Caller:  Thanks for taking my call.  My question is, sometimes I have a hard time determining where to draw the line on taking action.  In other words, I know Jesus, at one point, is talking about turning the other cheek and giving the shirt and walking the extra mile.  On the other hand, He got a little angry in the Temple and started, you know, showing it.  He was displeased with what was going on in God's House.
Caller:  And I wonder things like, everything from if someone asks you for money and you think they're going to spend it on something that they shouldn't be spending it on or either to something on the other end of the spectrum, like should we have even fought World War II?  I mean, was it evil to fight?  Of course we had to fight, because these people might just take over the world.  Sometimes I have trouble trying to decide when to take action and not to take action.

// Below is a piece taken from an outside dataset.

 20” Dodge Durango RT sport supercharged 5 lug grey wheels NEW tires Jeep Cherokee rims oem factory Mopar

Pastor Doug:  Now you've asked several good questions Mark.  Let me see if I can address a couple of those.  I struggled with those same issues until a Scholar explained to me that Jesus is talking about inter-personal relationships when He says 'turn the other cheek.'
Caller:  Yes.
Pastor Doug:  When He went into the Temple, He was acting against the government and against the religious institution for their bad behavior and making the Temple of God a marketplace.
Caller:  Yes.
Pastor Doug:  In our inter-personal relationships, we turn the other cheek.  A government cannot turn the other cheek when somebody kills or steals.  They can't just say, 'well we're going to let you go', because then you have anarchy and chaos and bedlam in society.  There must be punishment.

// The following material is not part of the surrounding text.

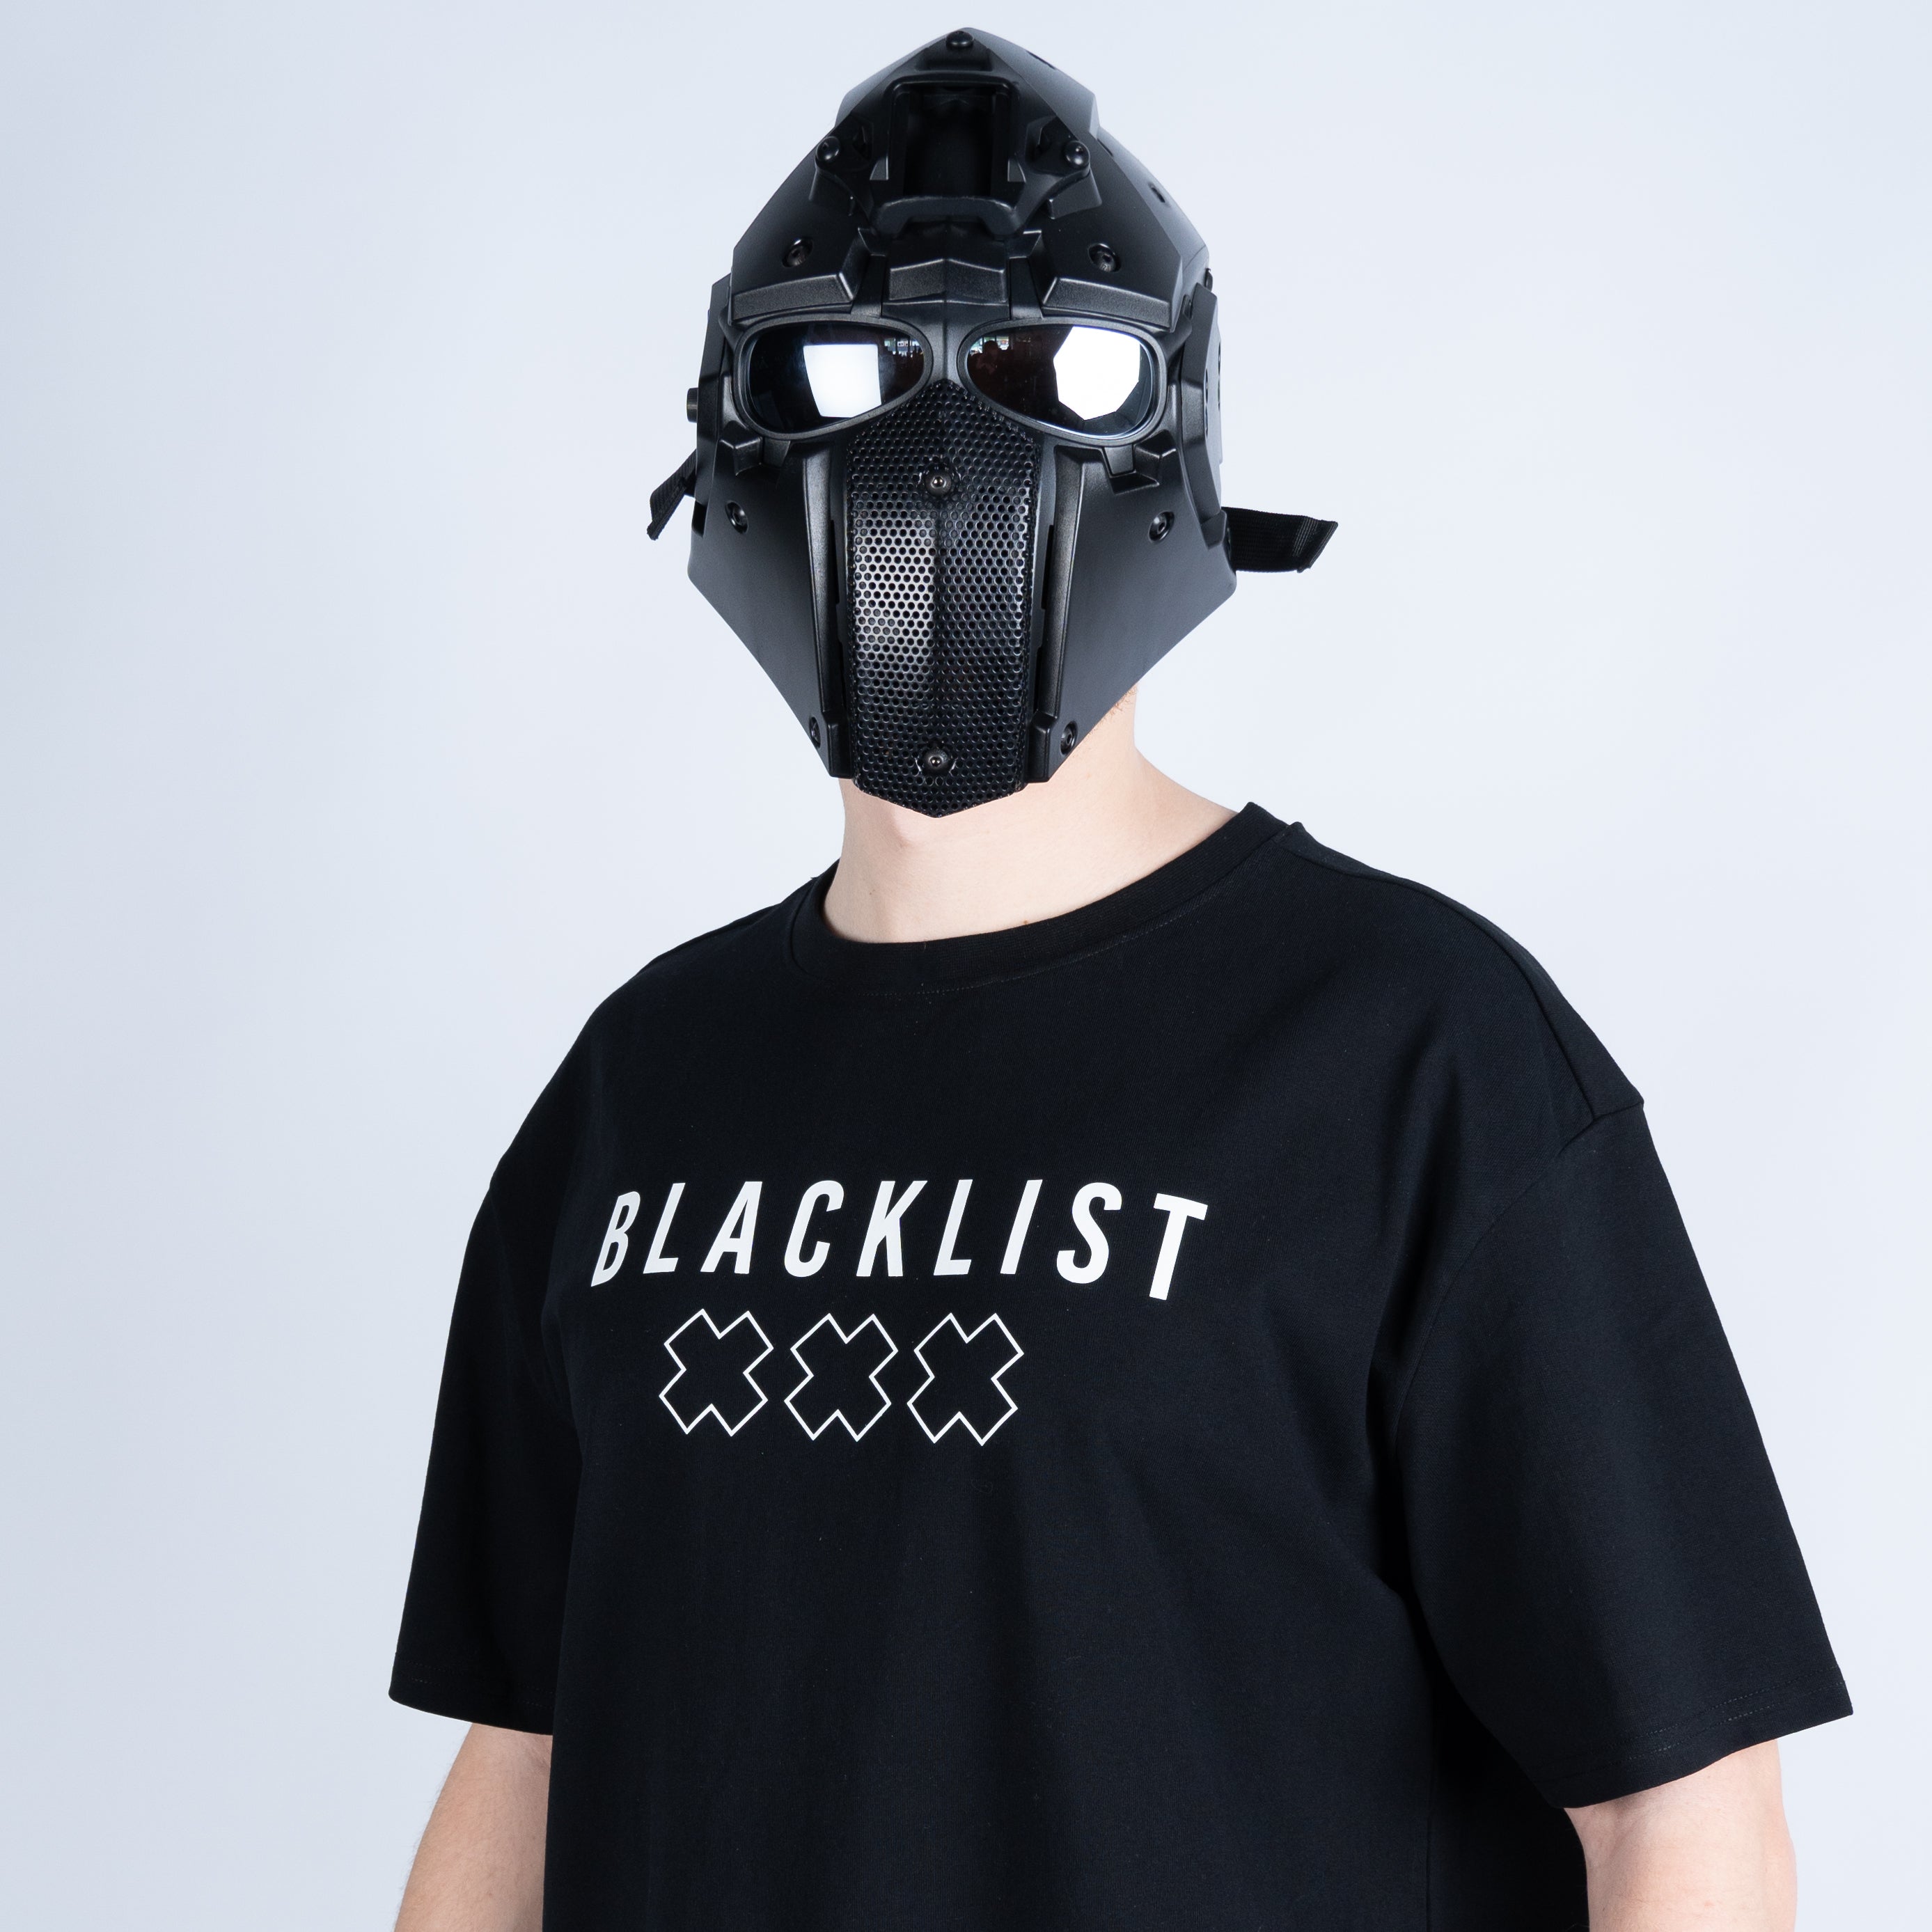 Blacklist - Fam Shirt

But as Christians dealing with each other, in our families and in our social relationships, retaliation just breeds vengeance.  Things get worse.  It's like Gandhi was coined saying one time, 'If the whole world lives by the parable of an eye for an eye, the soon the whole world is blind.'
When it comes to governments, the Lord laid down a different set of guidelines for governments in their relationships to each other and that's when you start to look at the civil laws that you find both in the New and the Old Testaments.  Christ was dealing with inter-personal relationships in Matthew 5 verse 39 when He said that.

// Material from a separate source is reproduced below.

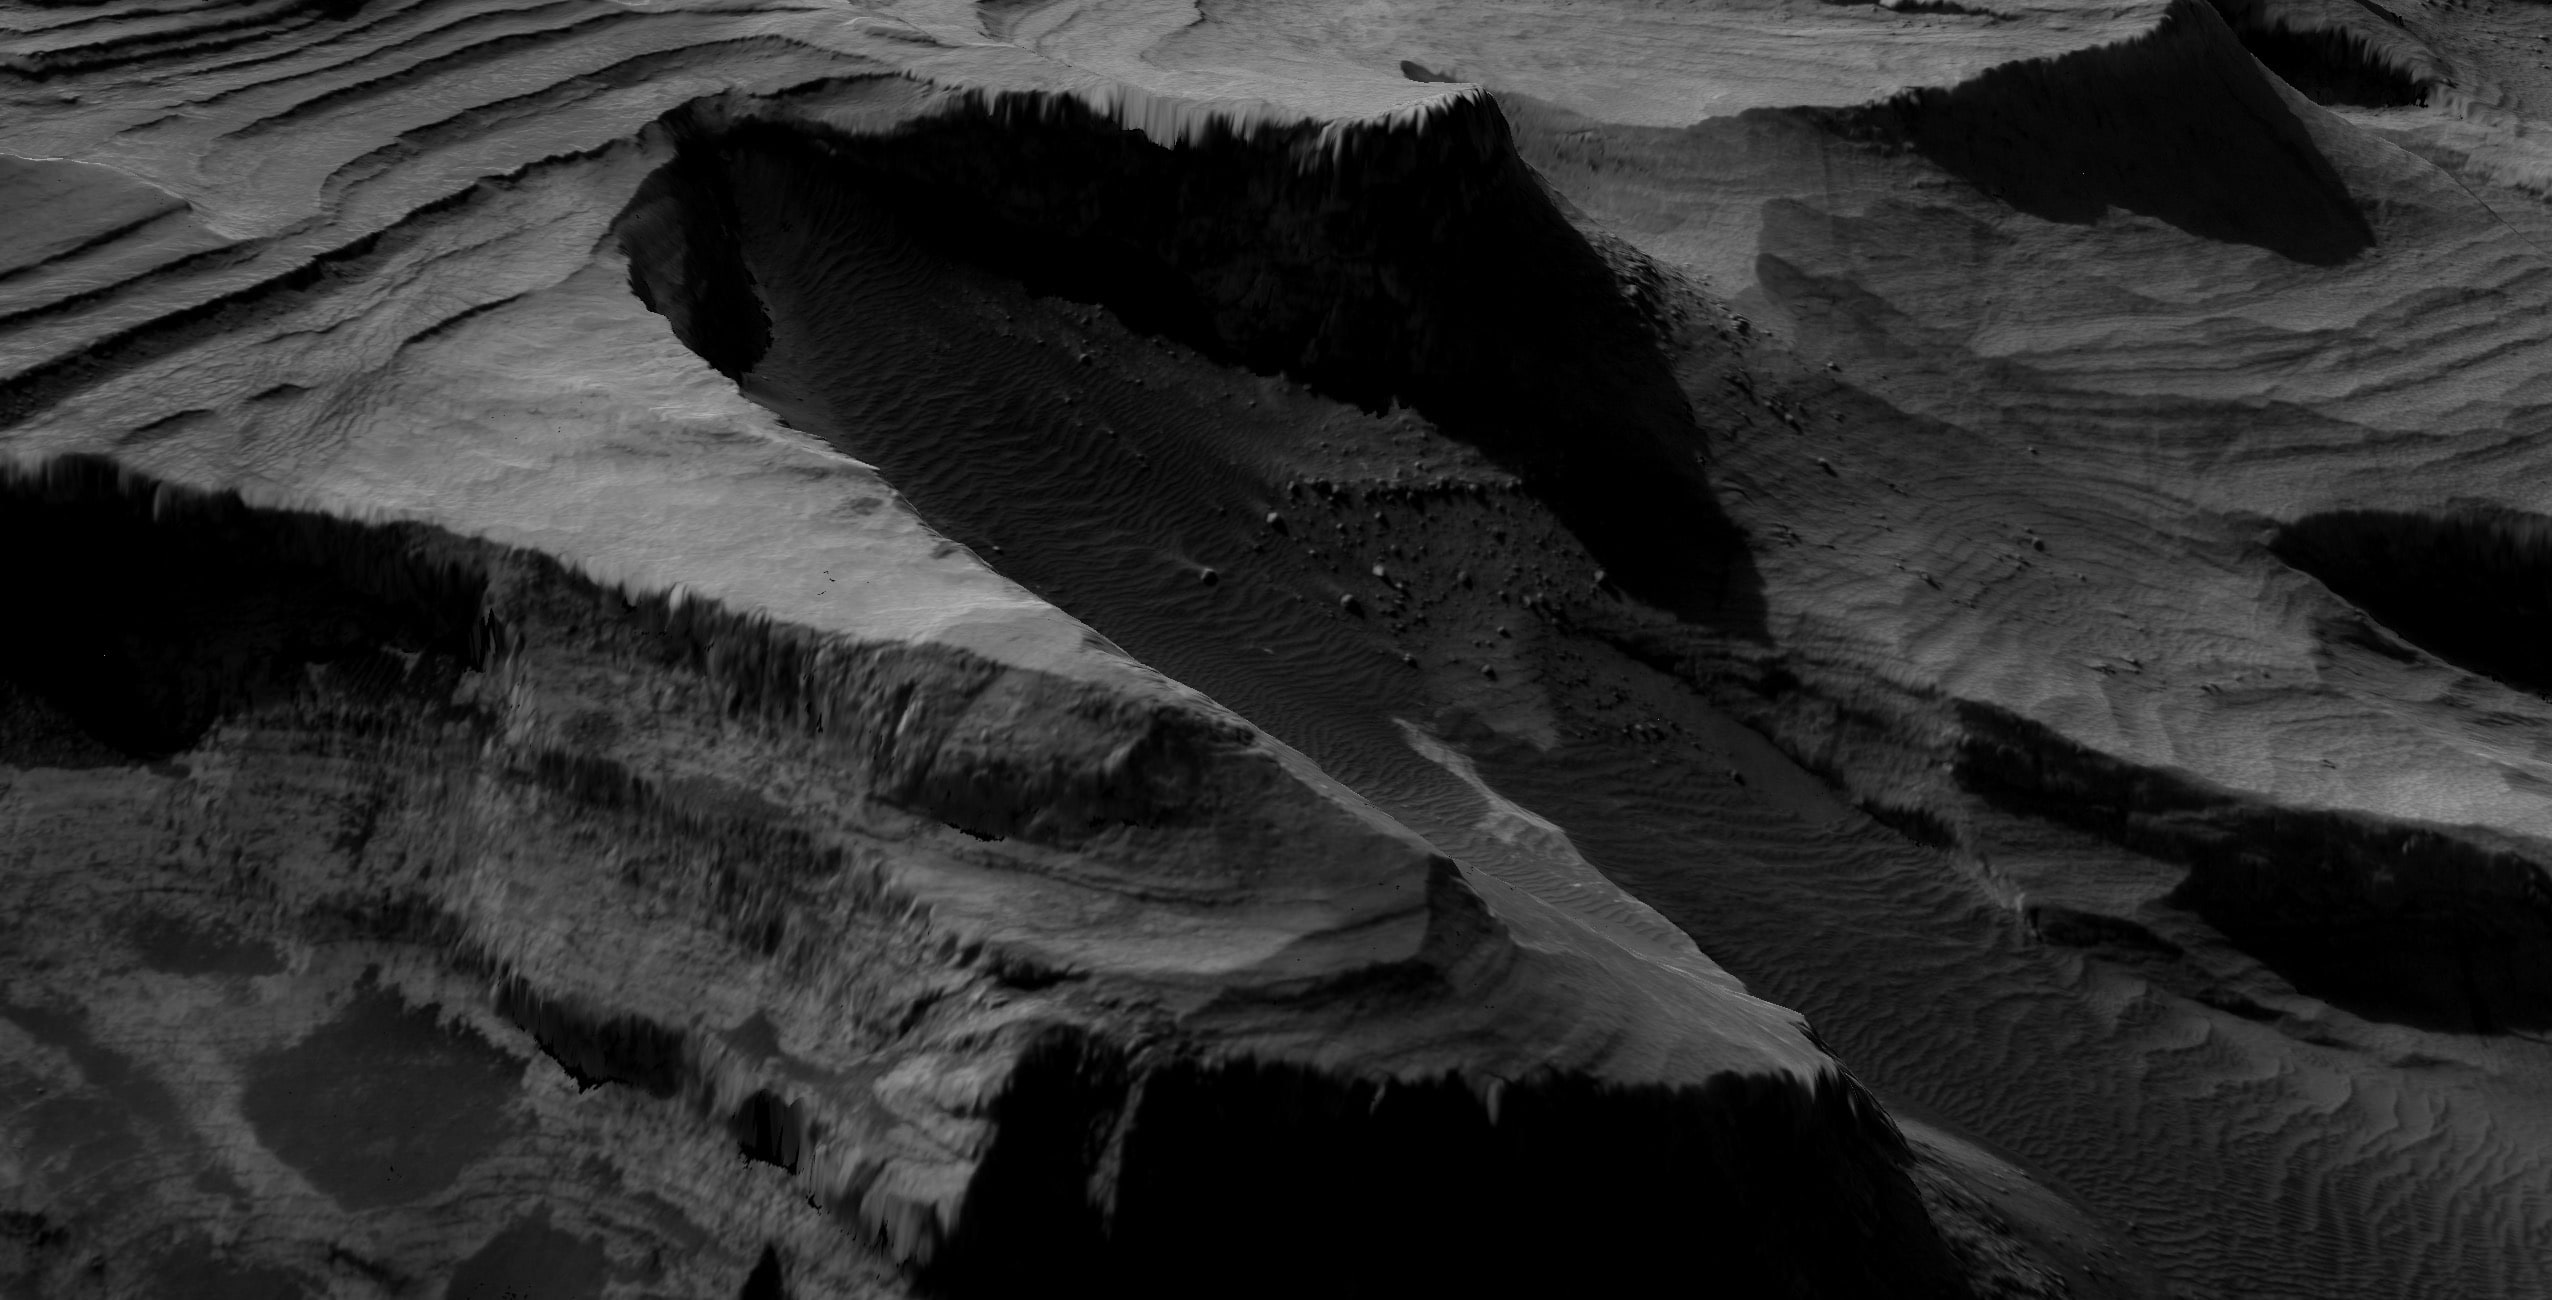 Kaporo Crater

Caller:  Ok well then a quick follow-up:  If you're in a situation and it's a corrupted situation, should you fight it?  I mean, of course, you should but I need cross talk.
Pastor Doug:  Well we don't fight, Paul says, the way the devil fights.  We have mighty armaments, but they're Spiritual.  Sometimes the way to fight is with kindness.  You overcome evil with good.  Never are we encouraged to overcome evil with evil.
Caller:  Right.
Pastor Doug:  And sometimes it is important for Christians to voice in a loving way their objections.  I think that there's a time where someone may be living a prodigal life and a Christian is doing them harm by supporting them.
Co-Host:  Yes.
Pastor Doug:  You know I often drive by people who are holding up signs saying, 'we'll work for food.'  And I used to be a street person.  I used to panhandle and live on the streets.  And I know that a lot of those people - their lives are all destroyed by drugs.  You don't want to encourage them in their prodigal lives, so I'm very discriminating before I give money to somebody to make sure it's really going to help them and not hurt them.
You asked that question also - how far do you go in helping a person if they're going to misuse what you're doing?  You have to pray for grace.
Caller:  Ok thank you very much.
Pastor Doug:  Ok thank you.  Good question.